Tuesday 26 September 2017

Cut in councillor numbers is an assault on democracy in Cornwall

The Local Government Boundary Commission for England (LGBCE) has just announced its decision to reduce the number of elected members on Cornwall Council from 123 to 87.

The change will be implemented at the next set of elections due to take place in 2021.

It is a shocking determination and I am extremely disturbed at the attitude of the LGBCE and their intention to launch an assault on democracy in Cornwall.

Prior to 2009, Cornwall had 331 councillors on the County Council and the six district councils. The centralisation of local government was then imposed on Cornwall and the number of councillors slashed to 123. And now the LGBCE has imposed another large cut in elected members, which will further increase the democratic deficit from which Cornwall already suffers. This is just so wrong.
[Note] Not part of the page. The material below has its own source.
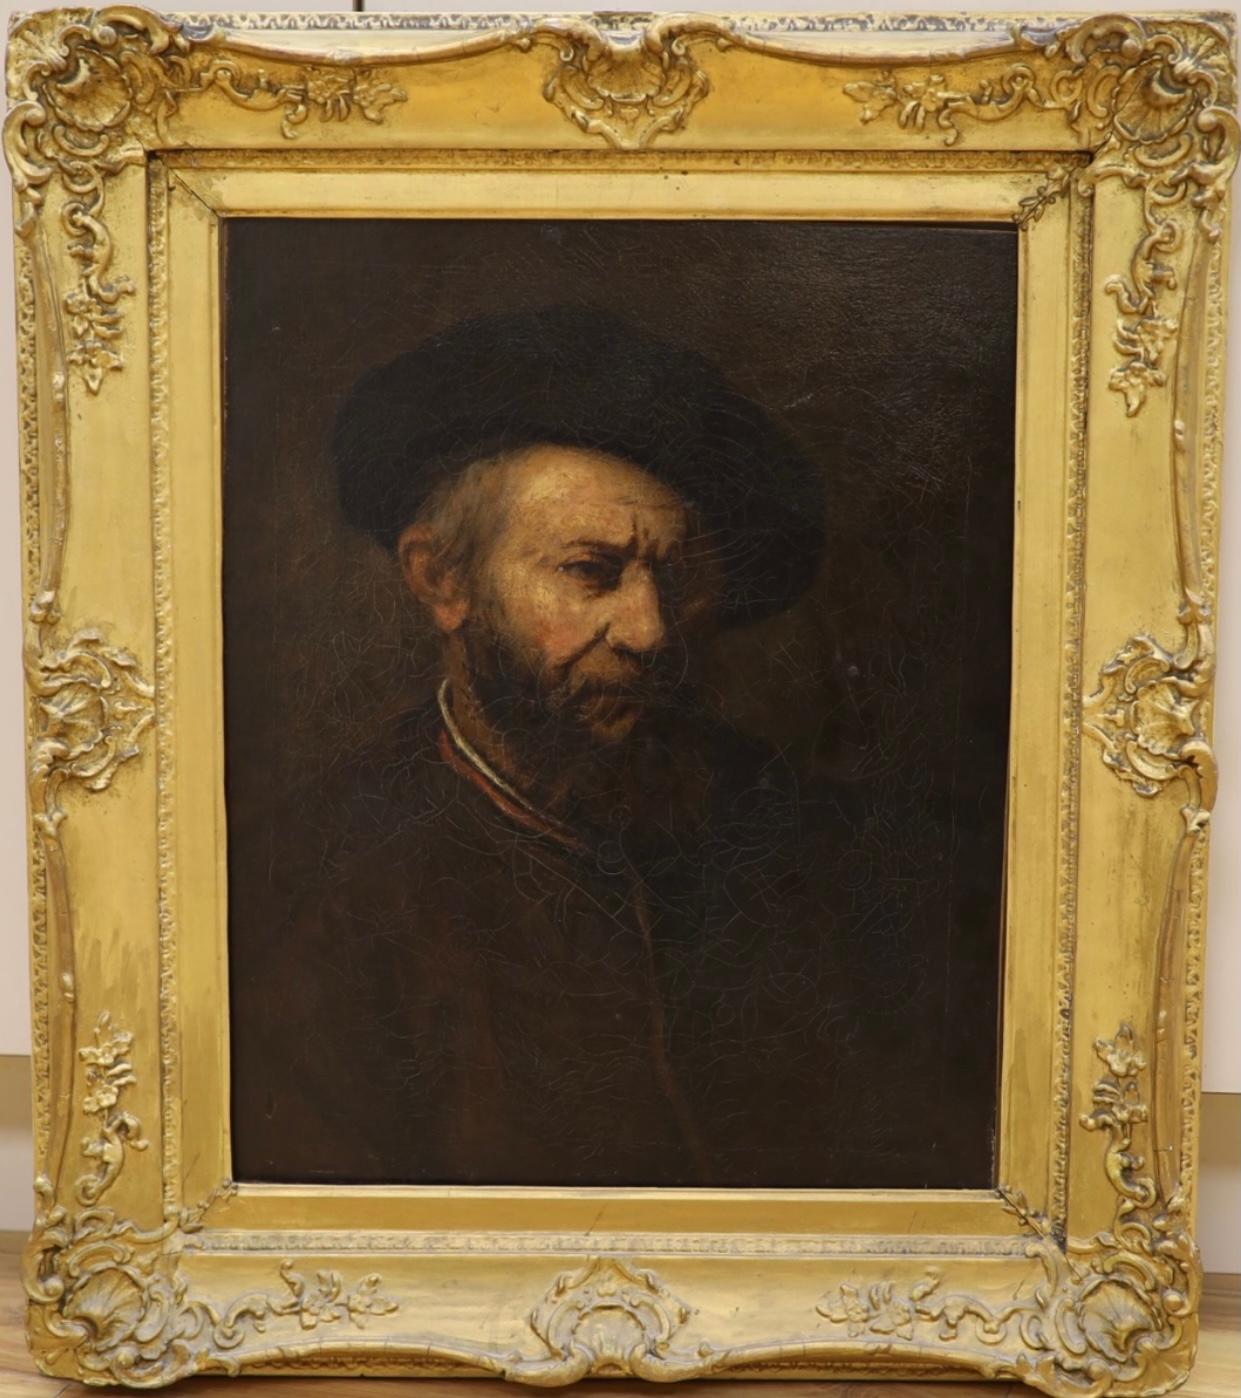 (After) Rembrandt van Rijn  Portrait Painting - Rembrandt self portrait

Many people will not be aware that the LGBCE did not seek a similar reduction in the number of councillors when it carried out an electoral review of the unitary authority in County Durham, which was also created in 2009.

It was founded with 126 councillors and a subsequent review allowed the council to continue with the same number of members. So how is it appropriate that Cornwall will have to suffer a 30% reduction in the number of its elected members?

Mebyon Kernow and many other bodies have argued that Cornwall already had fewer councillors on principal authorities than almost all other parts of the United Kingdom – but these representations have been ignored by the LGBCE.

Wales has more than 1,200 councillors on its 22 unitary authorities, while Devon has just under 500 principal authority councillors and Somerset has over 400.

And yet the LGBCE expects Cornwall to get by with only 87, which – in terms of representatives per head of population – means that many other areas will have more than twice the number of councillors as Cornwall.

The top-down and undemocratic actions of the LGBCE are frankly shameful.